- **EXERCISE REQUIREMENTS**:
Copy all the data exactly, except the pictures.

- **INFORMATION PROVIDED**:
· · · · · · ·

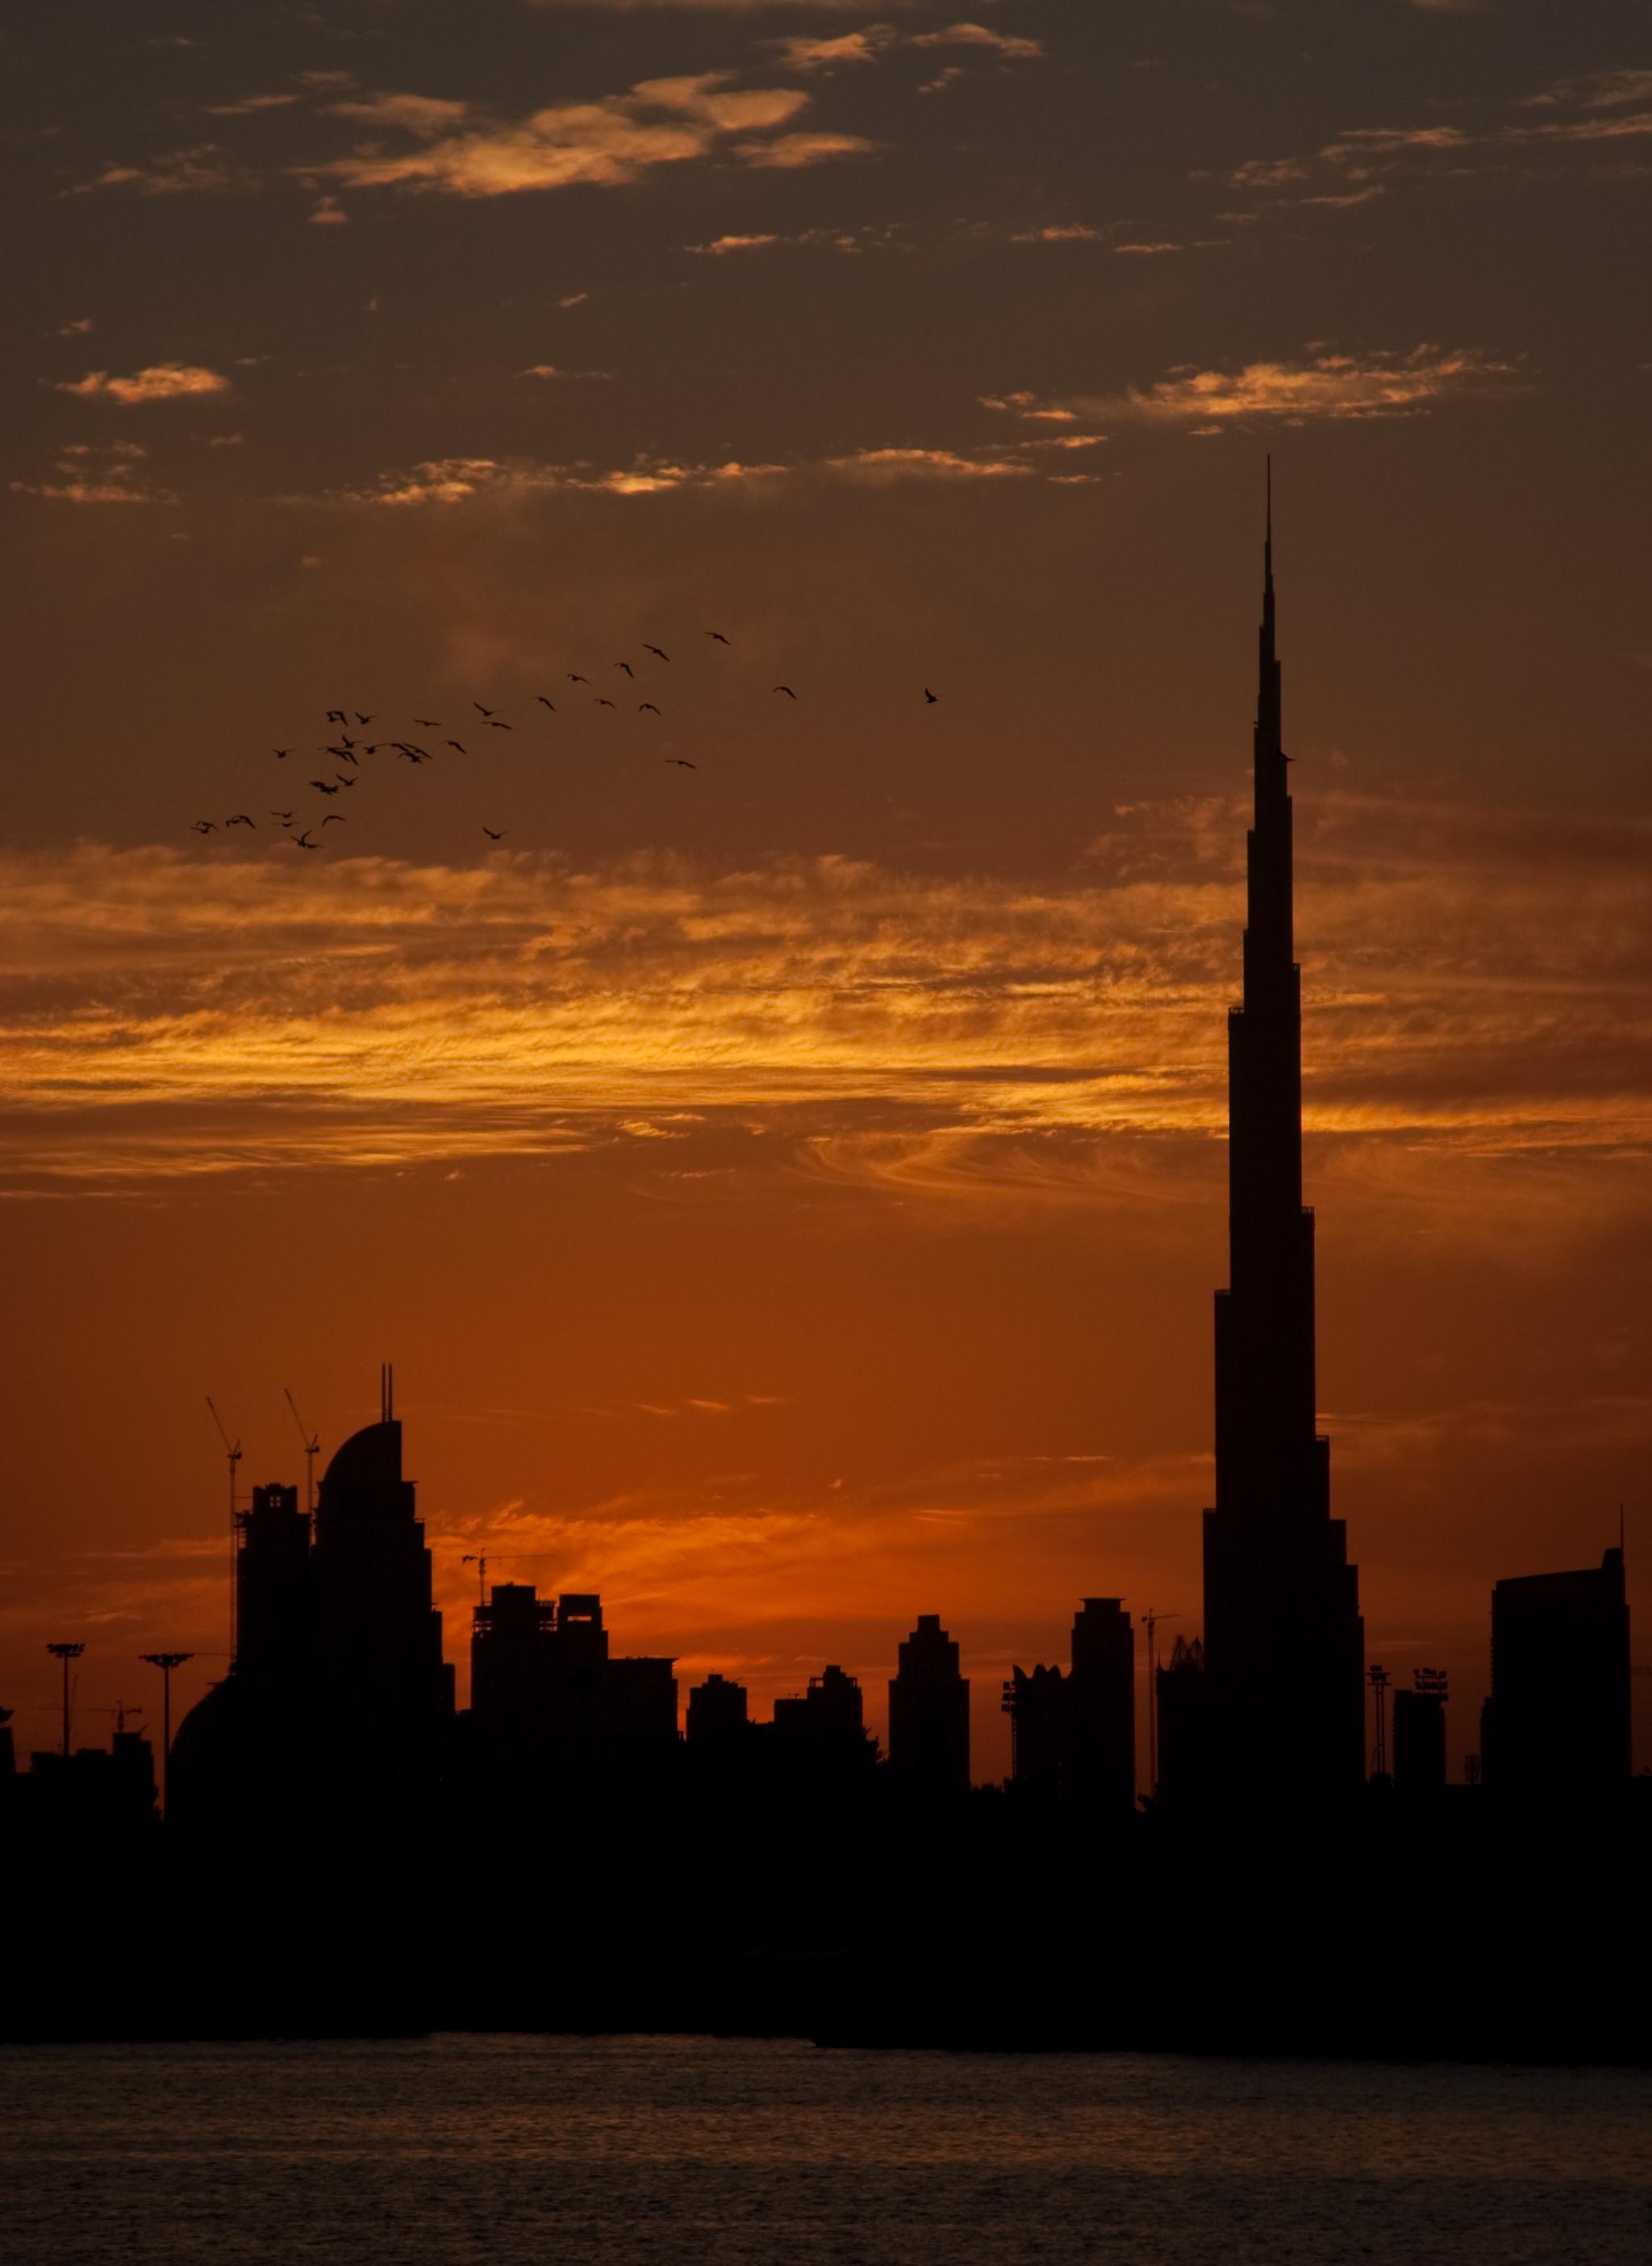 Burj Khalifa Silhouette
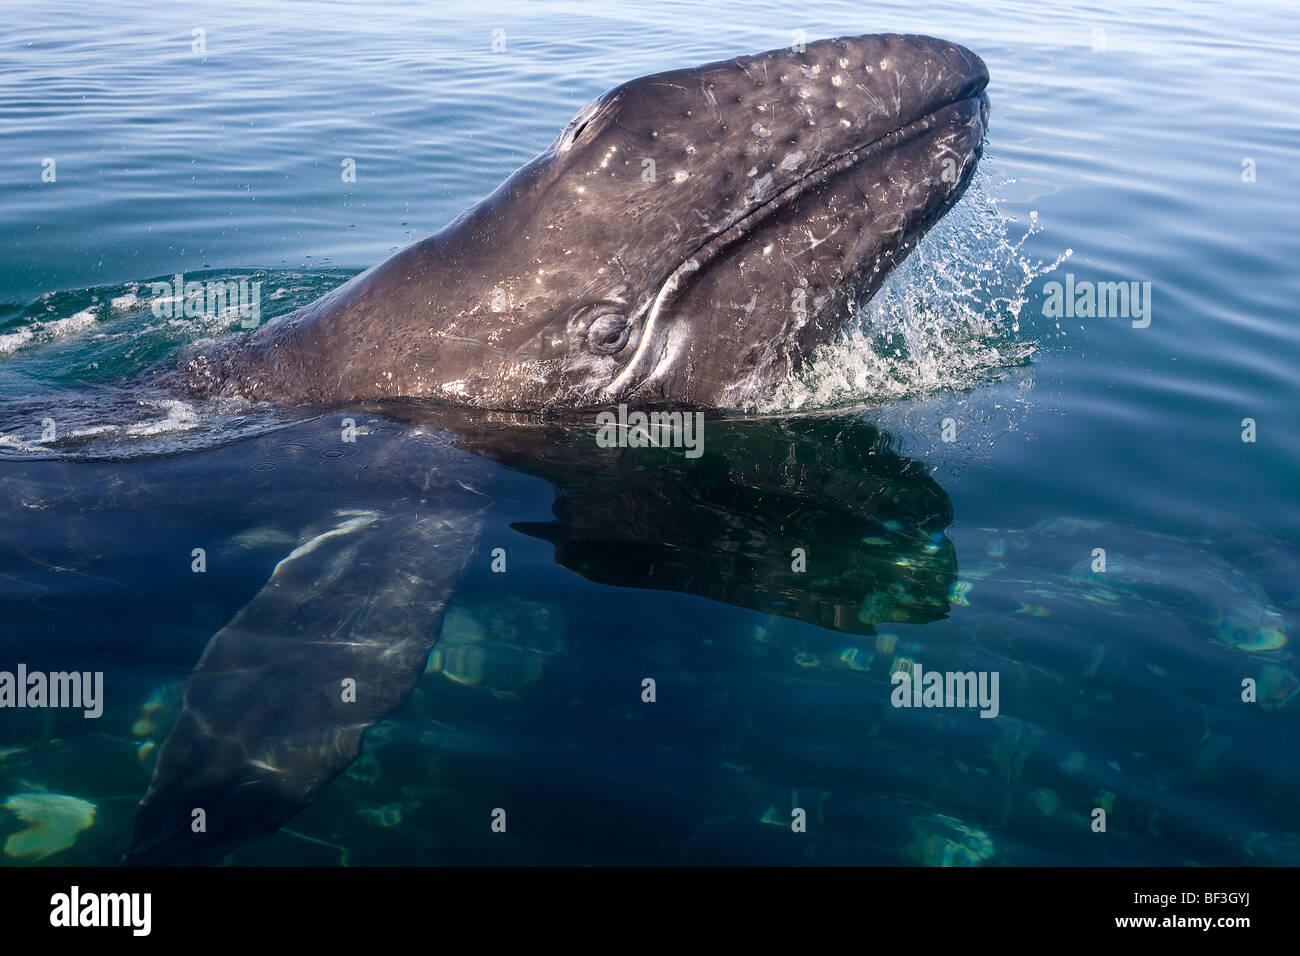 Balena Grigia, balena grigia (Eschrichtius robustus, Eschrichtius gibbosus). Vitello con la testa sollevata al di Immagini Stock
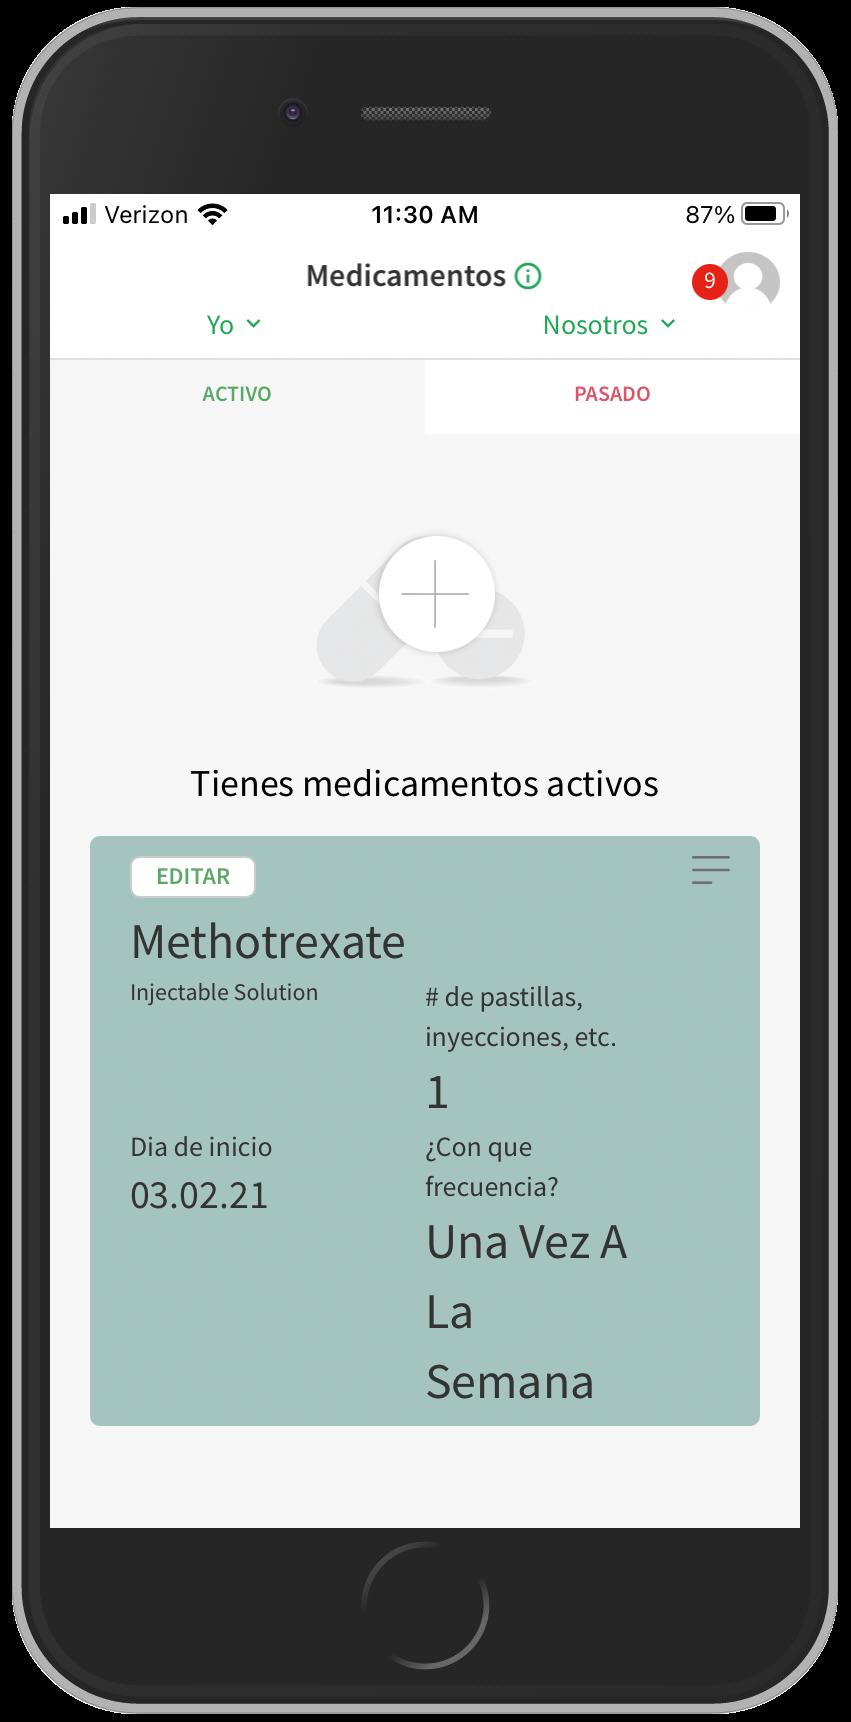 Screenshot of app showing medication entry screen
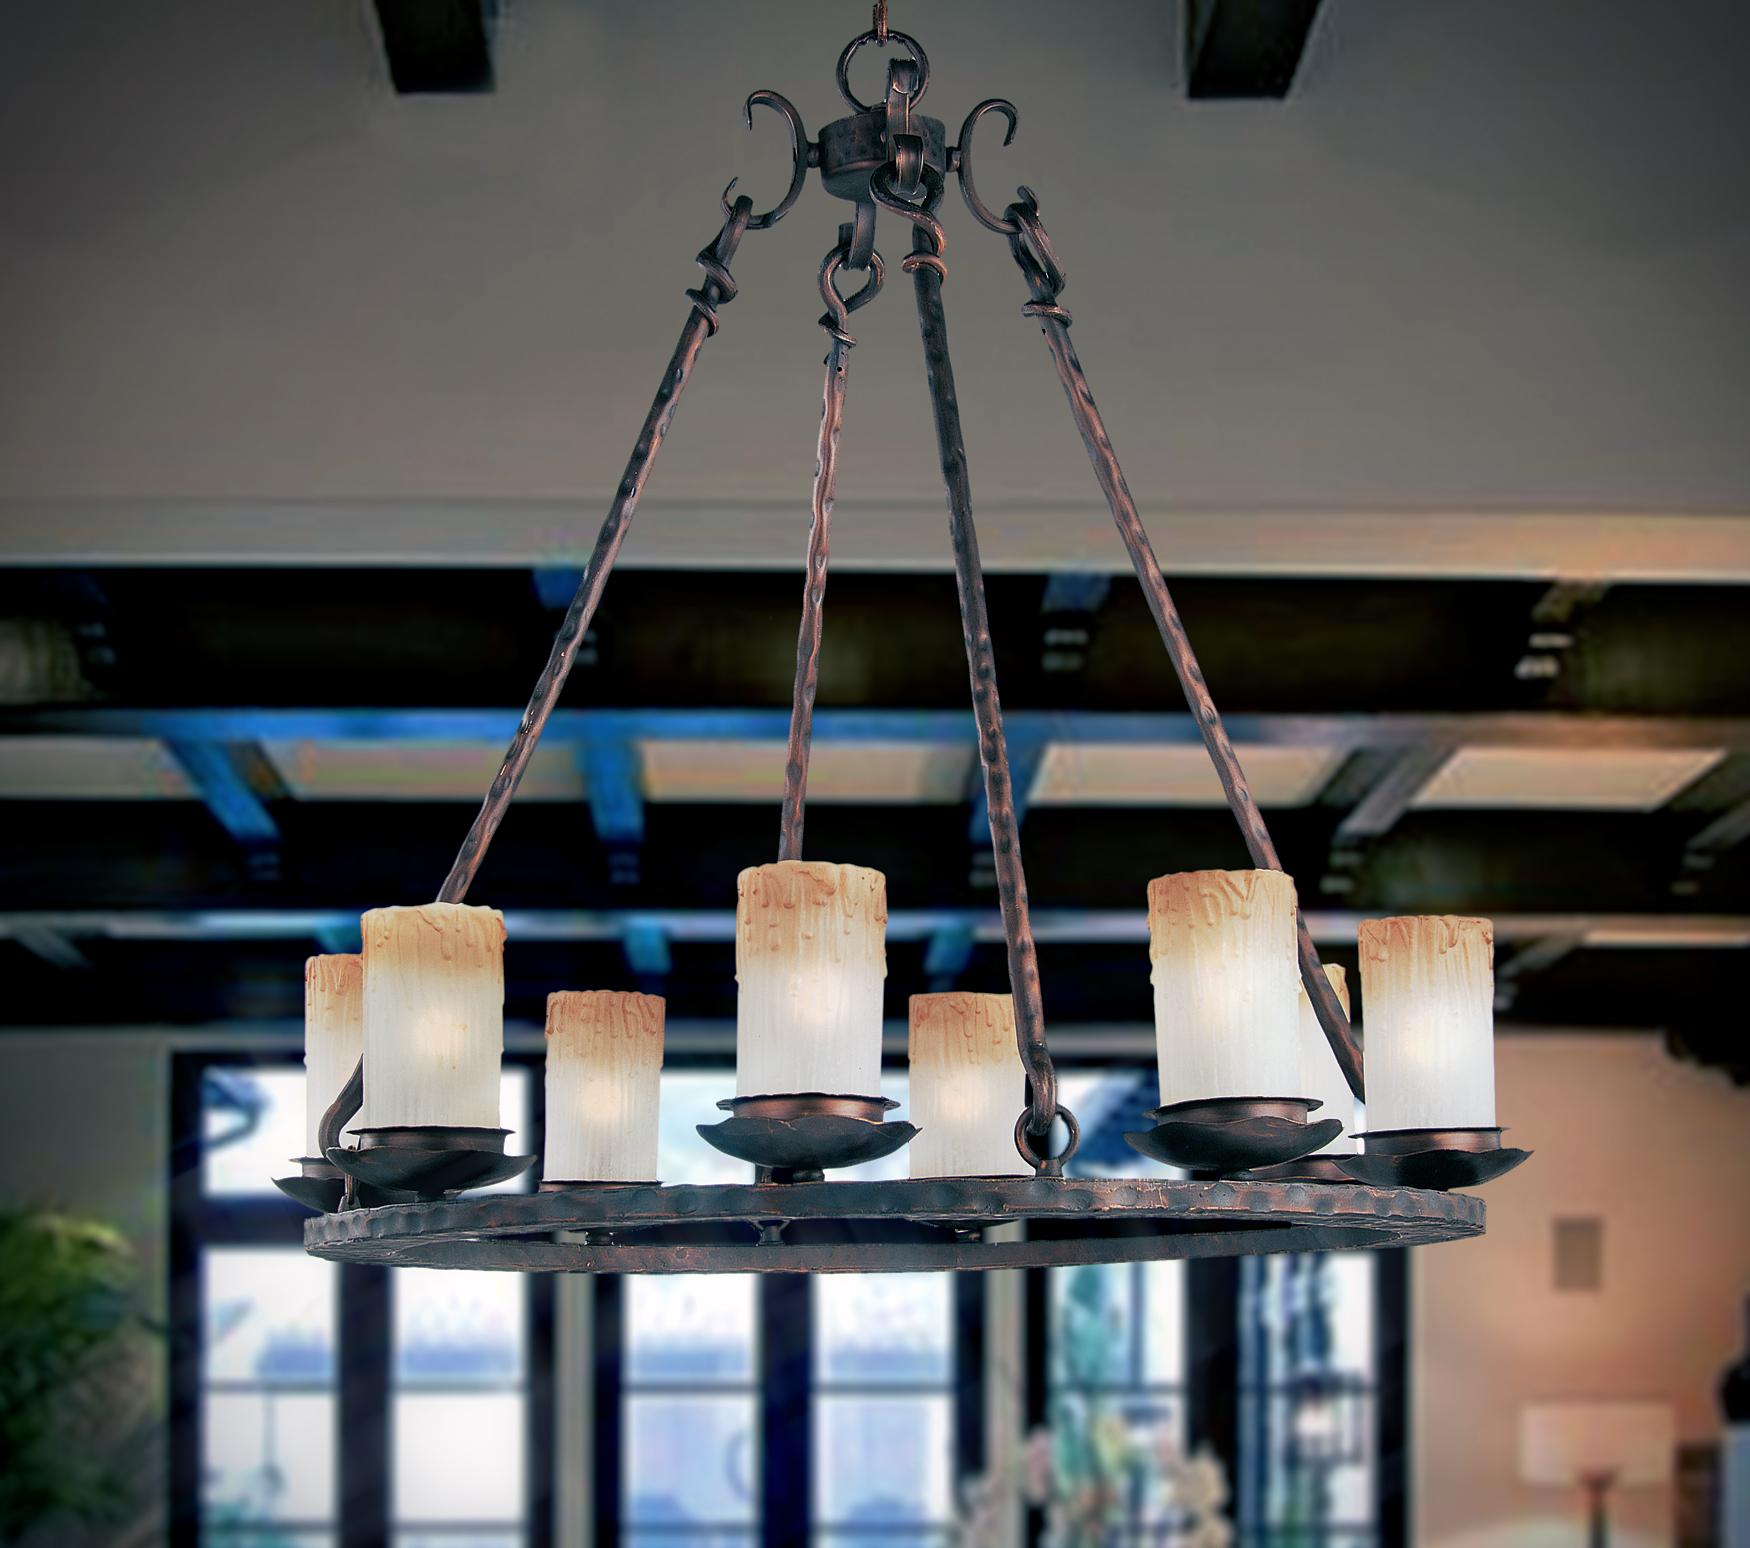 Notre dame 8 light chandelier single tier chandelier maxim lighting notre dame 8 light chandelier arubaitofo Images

· · · · · · ·

- **YOUR SOLUTION**:
 Burj Khalifa Silhouette
 Balena Grigia, balena grigia (Eschrichtius robustus, Eschrichtius gibbosus). Vitello con la testa sollevata al di Immagini Stock
 Screenshot of app showing medication entry screen
 Notre dame 8 light chandelier single tier chandelier maxim lighting notre dame 8 light chandelier arubaitofo Images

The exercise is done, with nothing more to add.